Unit 8: Coordinate Geometry & Equations
  1. Midpoint
  2. Length/Distance
  3. Slope
  4. Partition a Directed Line Segment
  5. Area and Perimeter on the Coordinate Plane
  6. Coordinate Geometry Proofs: Triangles
  7. Equations of Parallel Lines
  8. Equations of Perpendicular Lines
  9. Equations of Parabolas (?) as Conics
  10. Review Completing the Square
  11. Equations of Circles

Unit 9: Extending to 3 Dimensions
  1. Types of Polygons (n-sides, regular)
  2. Interior Angles of Polygons
  3. Exterior Angles of Polygons
  4. Area and Perimeter of Polygons
  5. Area and Circumference of Circles
  6. Right Prisms: Volume
  7. Cavalieri’s Principle
  8. Pyramids
  9. Cylinders
  10. Cones
  11. Spheres and Hemispheres
  12. Solids of Revolution
  13. Modeling
  14. Density



Sunday, August 14, 2016

August Planning

There are only a few weeks until school starts again, so it's that bittersweet part of the summer where I'm savoring the last bits of vacation and also getting serious about my back to school planning.

I think (you never know) that I'll be teaching Algebra 1 and Geometry this year. My biggest change over the last year, which I plan to really flesh out this year, is the use of Interactive Notebooks. (I call them INBs, though I know that a lot of teachers call them ISNs.)

I teach in a school where getting students to consistently do homework is very difficult. It's just not part of the norm. I've gone from assigning homework every day, to most days, to twice a week, and now this year I have a new plan. I'm going to make small problem sets with spiraled work which are only given once a week. (Homework is always graded on effort/completion, not accuracy. I firmly believe that homework should be a no-risk opportunity to try and sometimes fail. Tests and quizzes are a higher risk time to try and possibly fail. We have enough of that.) It might sound crazy to only give homework once a week, but I'm hoping to create a mindset shift.
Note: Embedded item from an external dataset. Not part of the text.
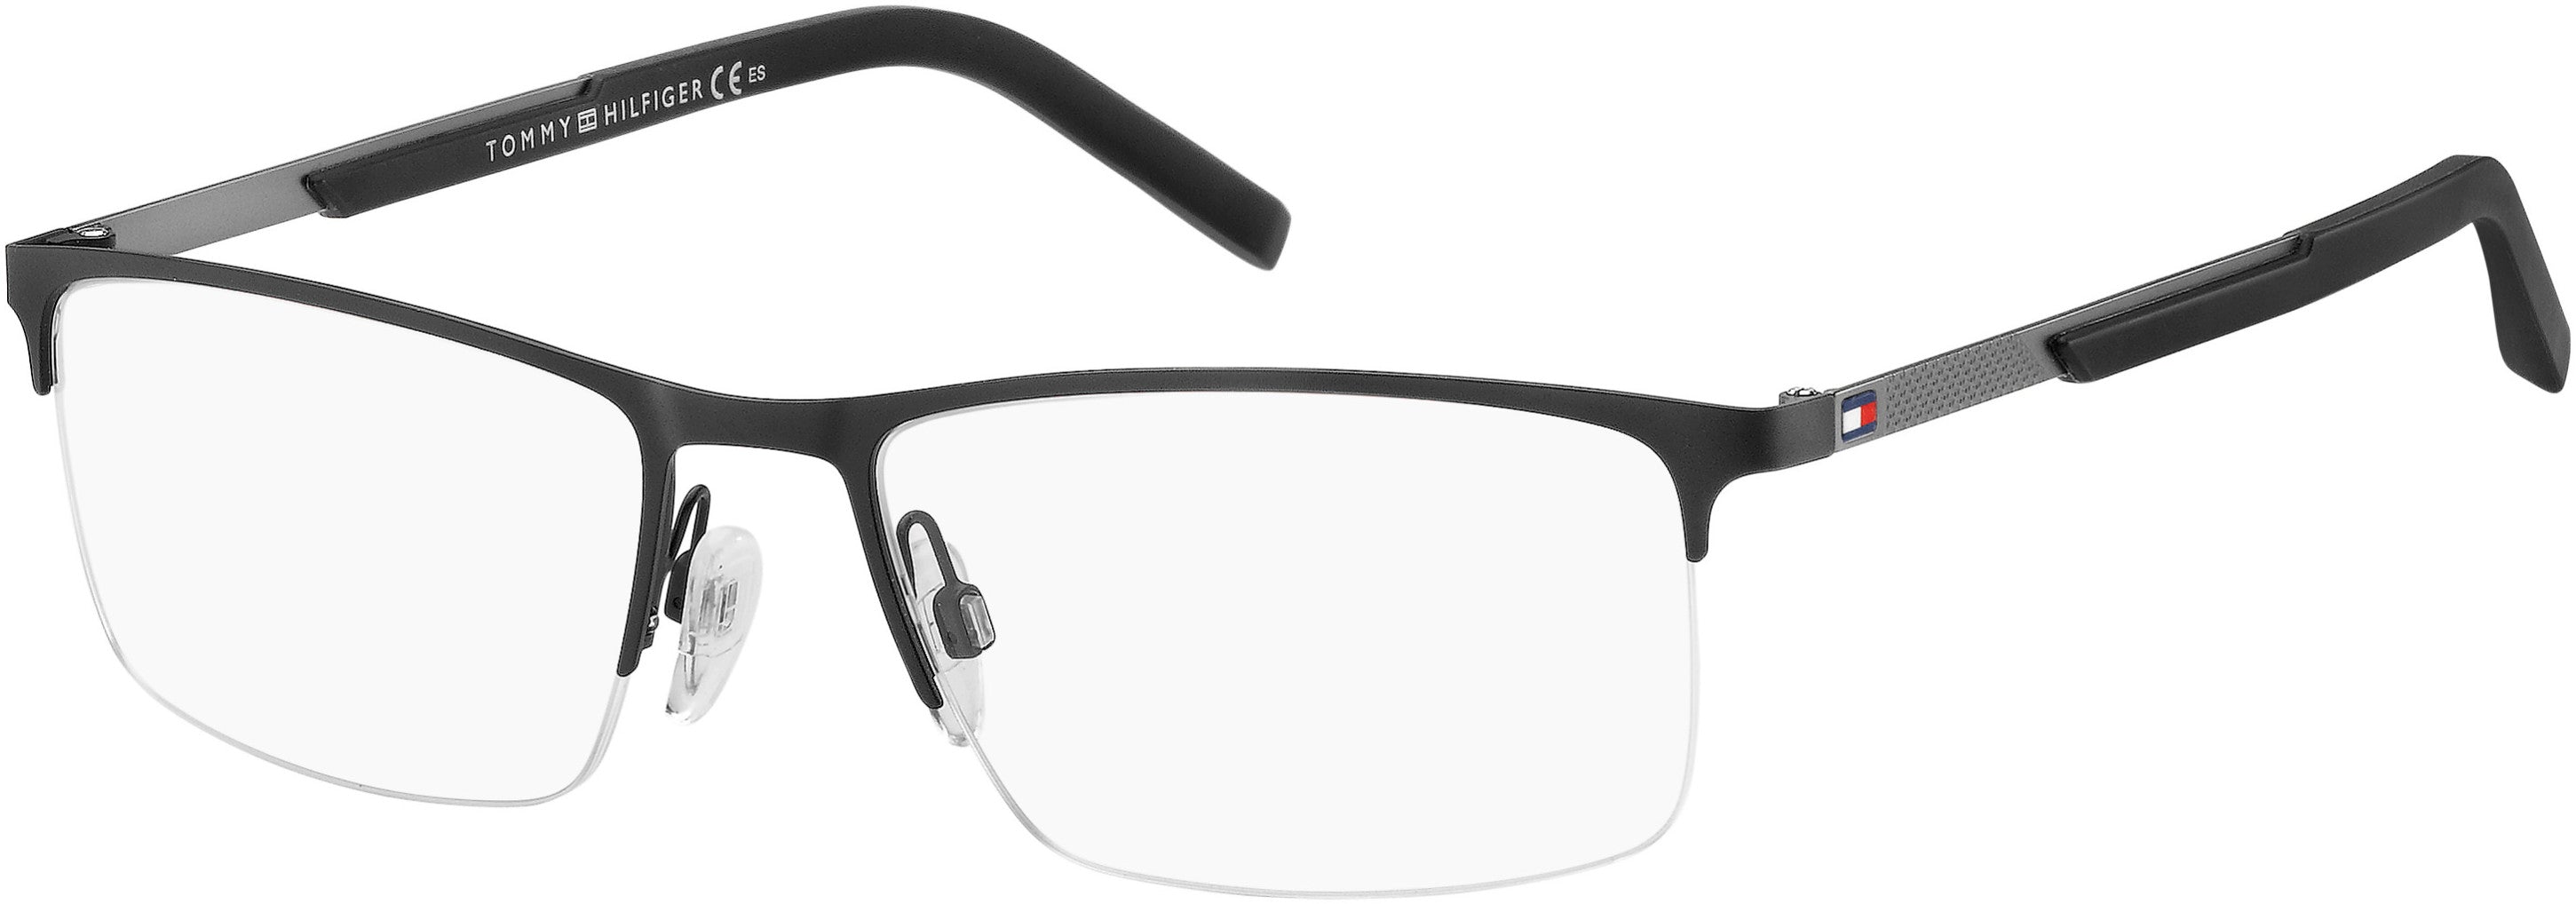 Tommy Hilfiger T. Hilfiger 1692 Rectangular Eyeglasses 0BSC-0BSC  Black Silver (00 Demo Lens)

I want students to view this problem set as something more like a project - something that they have more time to work on and is therefore worthy of its point value.

Because I want students to learn the value of their INBs, I'm going to make my weekly graded assessment open-notebook. That should motivate every student to do a good job with the notebook. This past year I didn't give tests (to me that means larger, longer, more structured in-class assessments). That did not work out so well. By the time we got to Regents review, students did not seem to be as comfortable handling the practice tests. I think it was because they were overwhelmed by the structure. To combat that this year, I'm going to give a "Marking Period Exam" (oooh, doesn't that sound big and important?). That means there will be a graded test roughly every 6 weeks, and I'll give a practice test about a week in advance so the students can freak out about the practice test instead of the real test. Hopefully this will also minimize the lost instructional time for tests.

I'm putting the finishing touches on my curriculum plans. I'm happy with my Algebra 1 outline, but only time will tell if my Geometry plan is ideal.

I'm still thinking through how I want to organize the classroom, group students, keep track of student work. Maybe seat students in pairs that can quickly turn to become groups of 4? With different classroom jobs for each person in the group? Folders for each student organized by group?

Aside from considering the teaching for the year, I'm anxious about my LIFE this school year. How am I going to maintain my work-life balance? I can't be the workaholic perfectionist I've been in the past. How am I going to figure out how to create/re-work lessons more efficiently and still have them meet my personal standards?

What new ideas are you trying out this year? How do you keep the work-life balance from sliding too far to one side?